In Washington, the focus is on the fierce fighting about to unfold.
The battle of 2020 heats up
Outside the capital, Democratic activists look to the future with a different hope, as presidential candidates run the most intense campaign of their nascent race to date.
Senator Cory Booker of New Jersey was in Iowa Friday, while her colleague Senator Kirsten Gilibrand of New York went to South Carolina. Mayor Pete Buttigieg, of South Bend, in Indiana, was also in Iowa, while Senator Sherrod Brown of Ohio, who is thinking about a race, has headed to the first state of New Hampshire, the first state of the country.
Senator Elizabeth Warren of Mbadachusetts hopes to avoid controversy over her native heritage when she officially launches her campaign in her home country on Saturday.
On Sunday in Minneapolis, the overcrowded Democrat group could have another candidate with Senator Amy Klobuchar to announce her intentions towards her home country.
Whoever comes out of the pack is already waiting for Trump.
His speech on the state of the Union was a response to a political moment when he was besieged on many fronts, including a duel against his border wall and government funding before the deadline set for Friday. next.
But it was also a bold statement of his campaign strategy for 2020.

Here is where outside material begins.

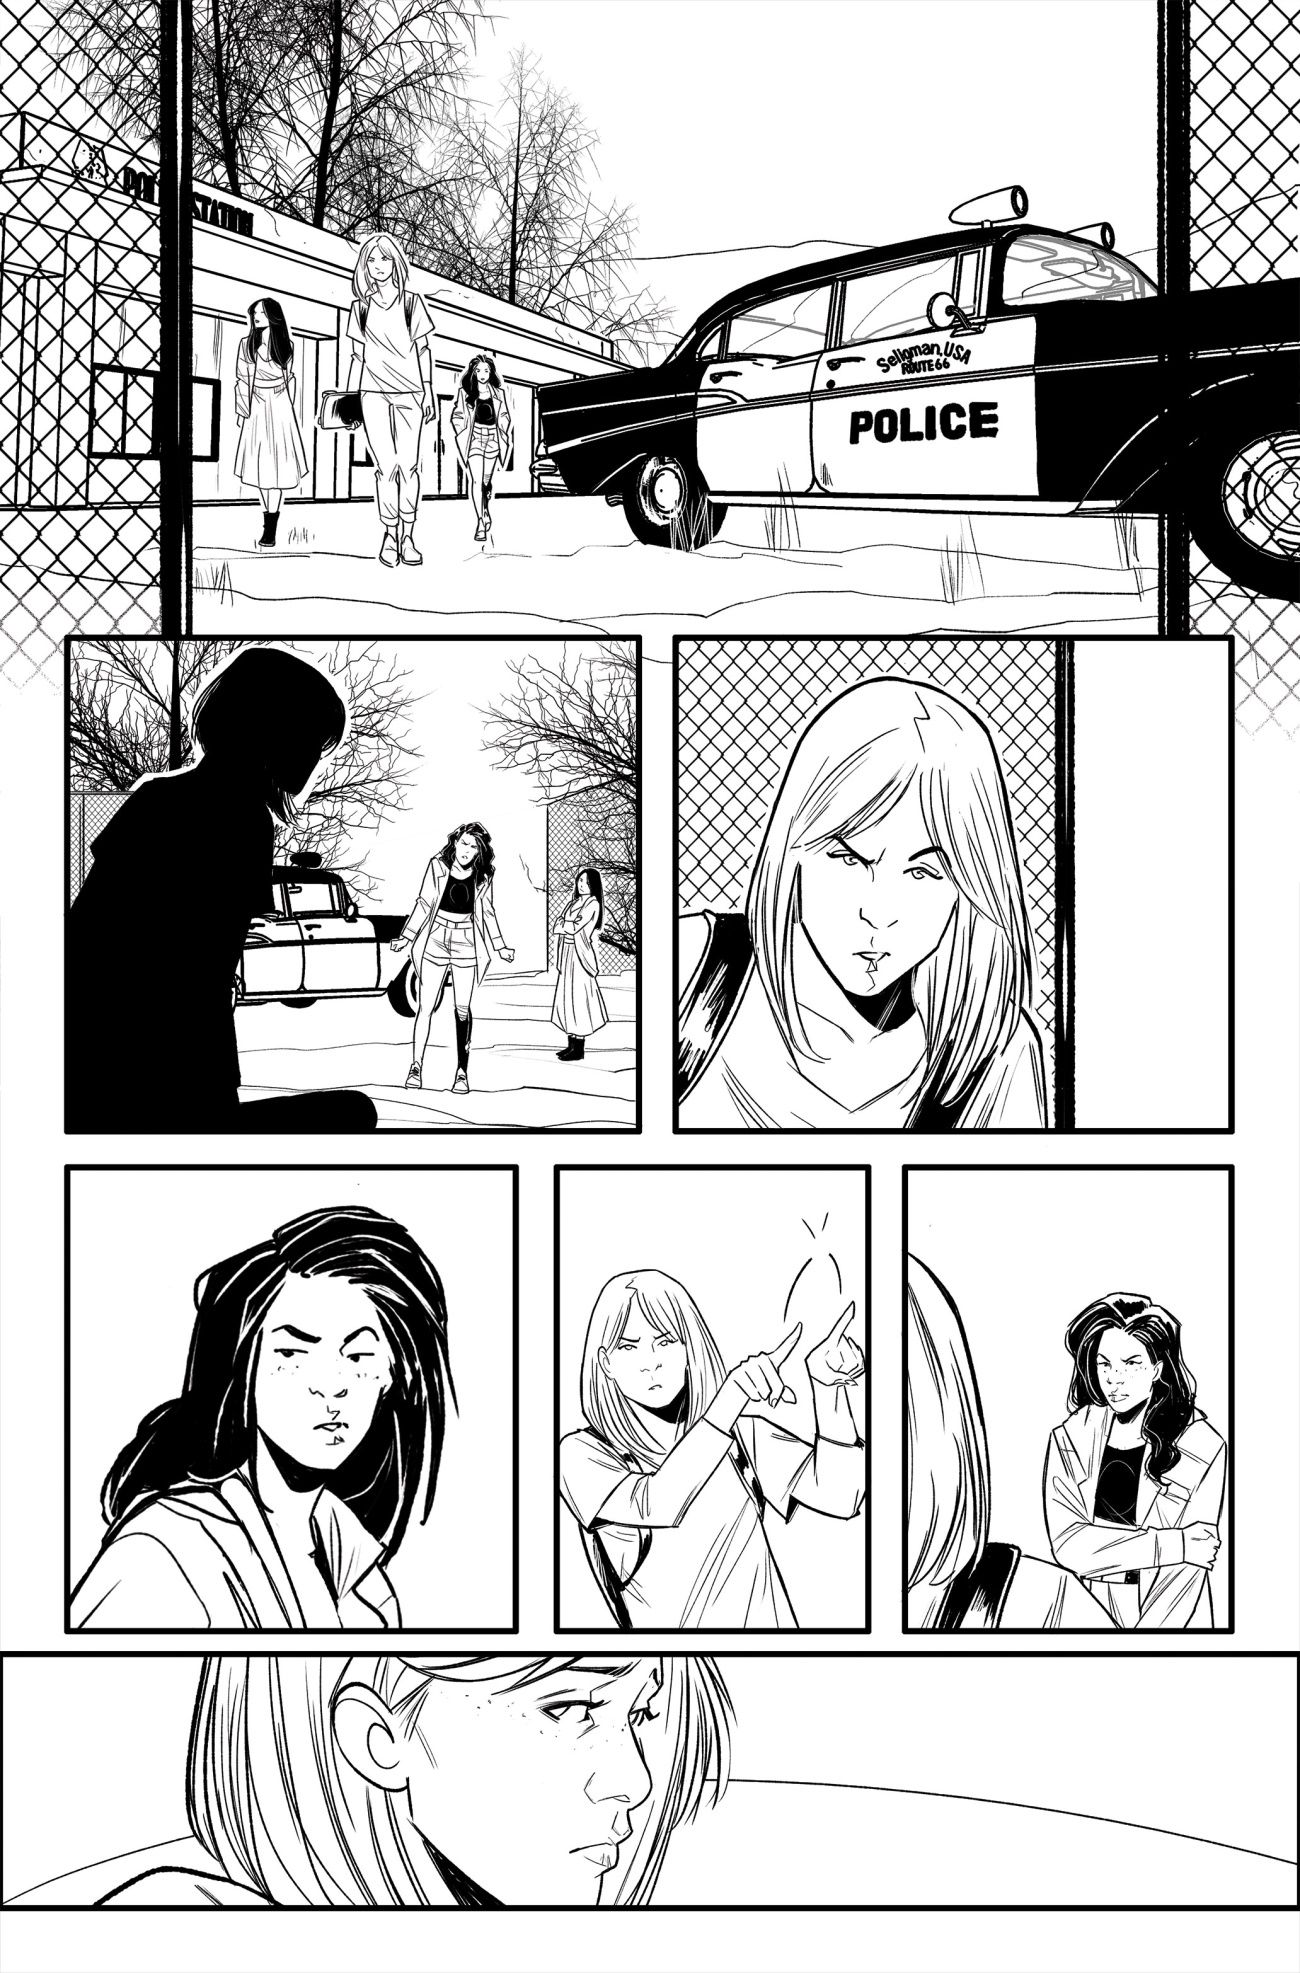 Jill and the Killers #1 from Oni Press, black & white preview page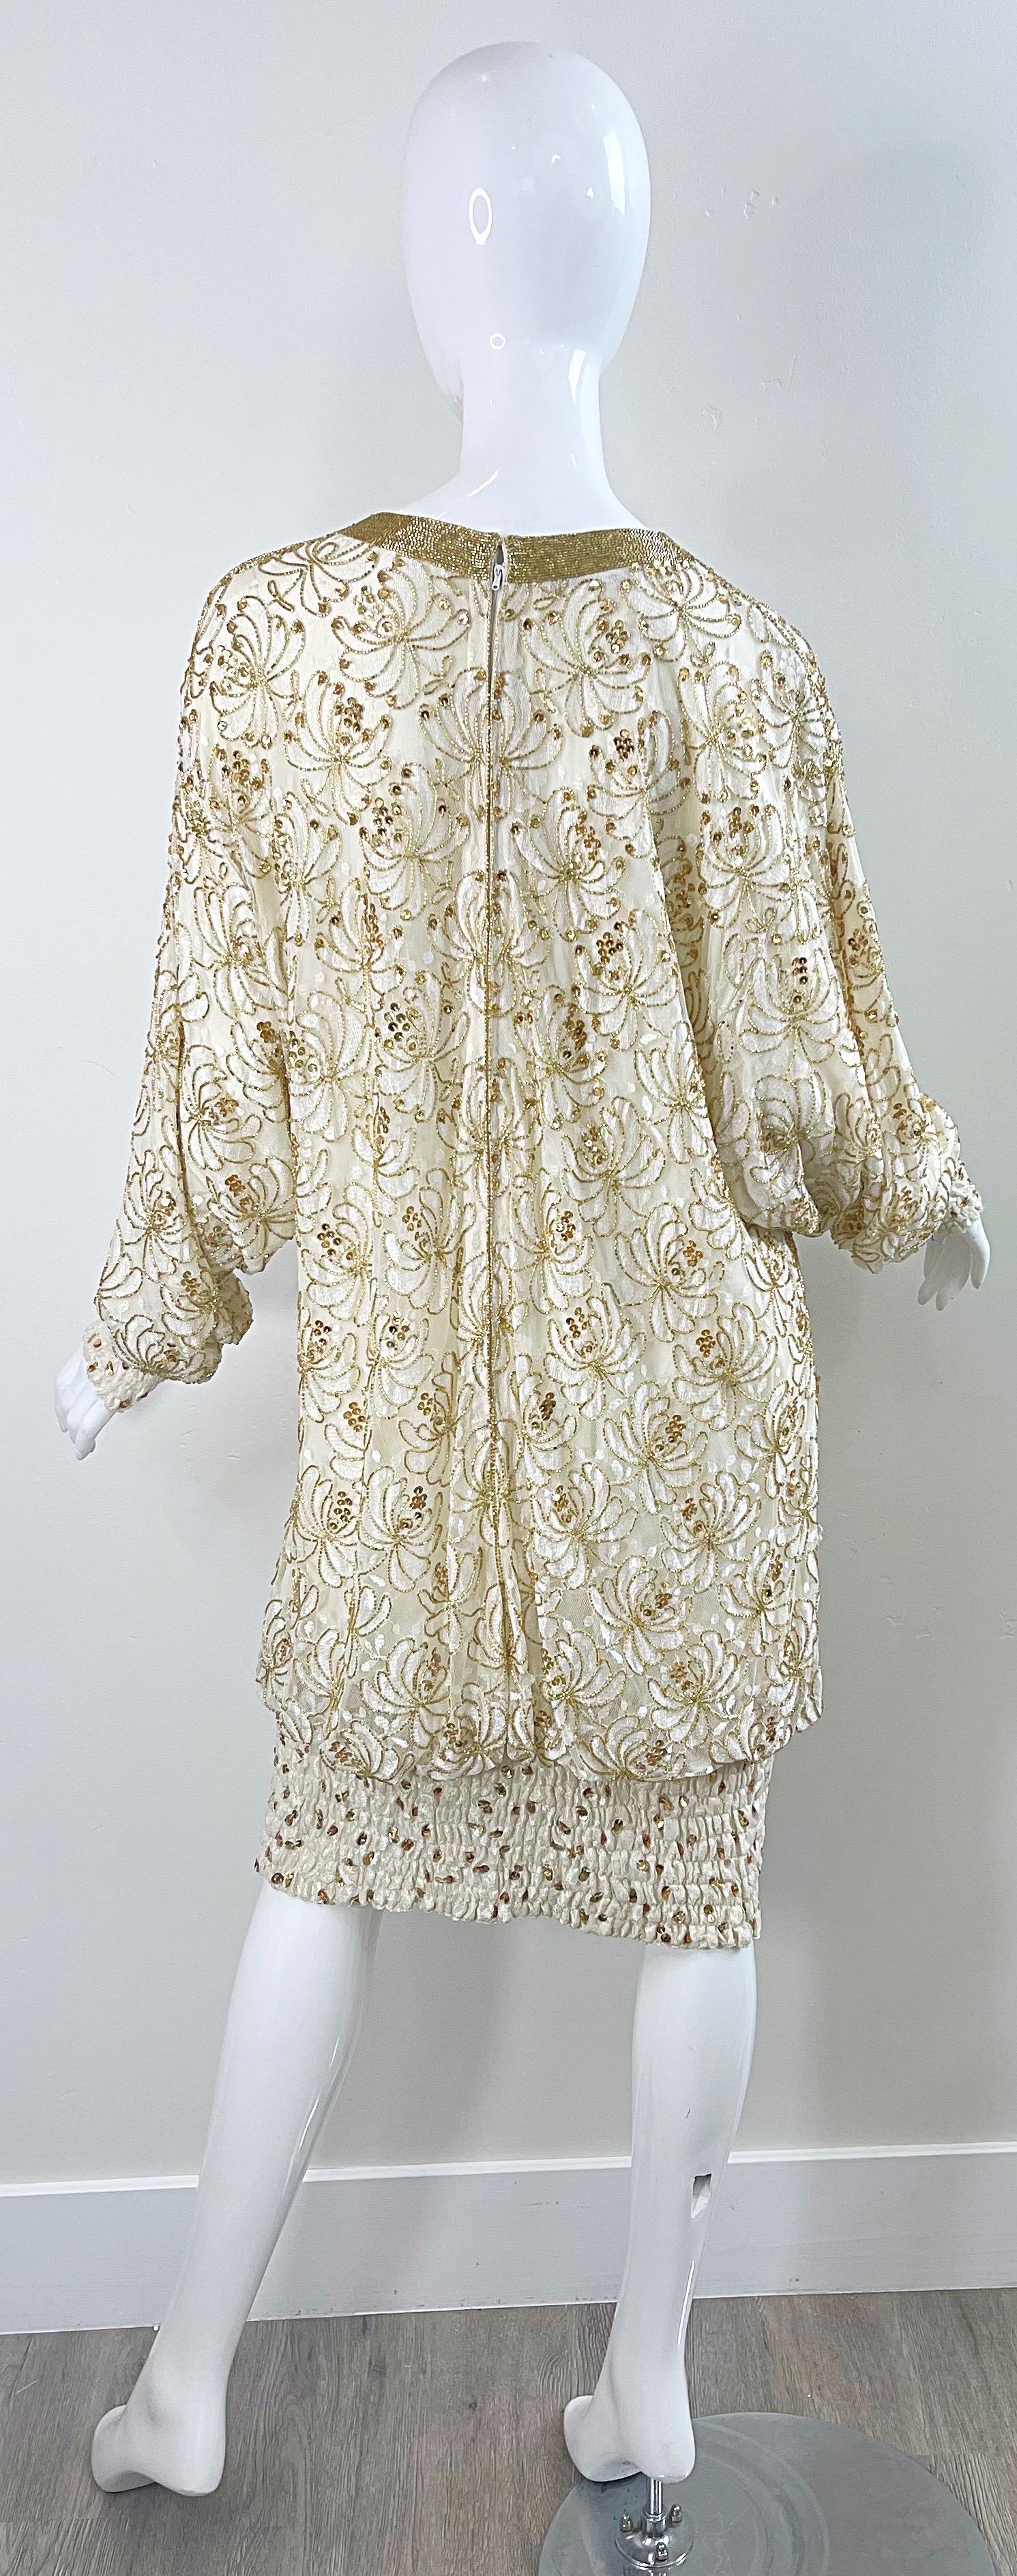 Lillie Rubin 1980s Ivory Off White + Gold Lace Sequin Beaded Vintage 80s Dress For Sale 9

The president said his run for reelection, along with his 2016 strategy, would be rooted in inflammatory rhetoric about immigration targeting his base.
"No problem better illustrates the gap between the working clbad and the US political clbad than illegal immigration," Trump said in an appeal to his blue-collar voters in the South and Midwest industrialists.
The president said he was going to badociate his populist rhetoric with the claim of having achieved the most impressive economic renaissance of the last decades.
"Our economy is dynamic and our economy thrives as never before," he said in his speech, which also aimed to position Democrats as going to the far left: "Tonight we renew our determination to what America is never a socialist country. "
The President's attack on the Democrats for adopting "socialism" was a sign that the GOP would seize government programs on climate change, higher education and health care, advocated by rising stars such as representative Alexandria Ocasio-Cortez of New York, to try to scare the voters of the pivotal state.
The media and conservative opinion pages were full this week of criticism of Ocasio-Cortez's co-sponsored Green New Deal, which would require a fundamental remodeling of the economy to eliminate fossil fuels.
In his speech on the state of the Union, Trump was also careful to look after another sector of his 2016 coalition, evangelical voters, on another issue that the GOP hopes to use to depict Democrats as moving away from the American mainstream.
He accused the New York Democrats of having enacted national legislation allowing "that a baby be torn from his mother's womb a few moments before birth."
He was referring to a new law that relaxes restrictions on late abortions if the woman life or health is in danger.
The state of the Union was a new indication that after again refusing to expand its base, as many presidents do, Trump will seek to chart a path to the White House, similar to the one he had wrought in 2016, which challenged the experts who believed that could not be done.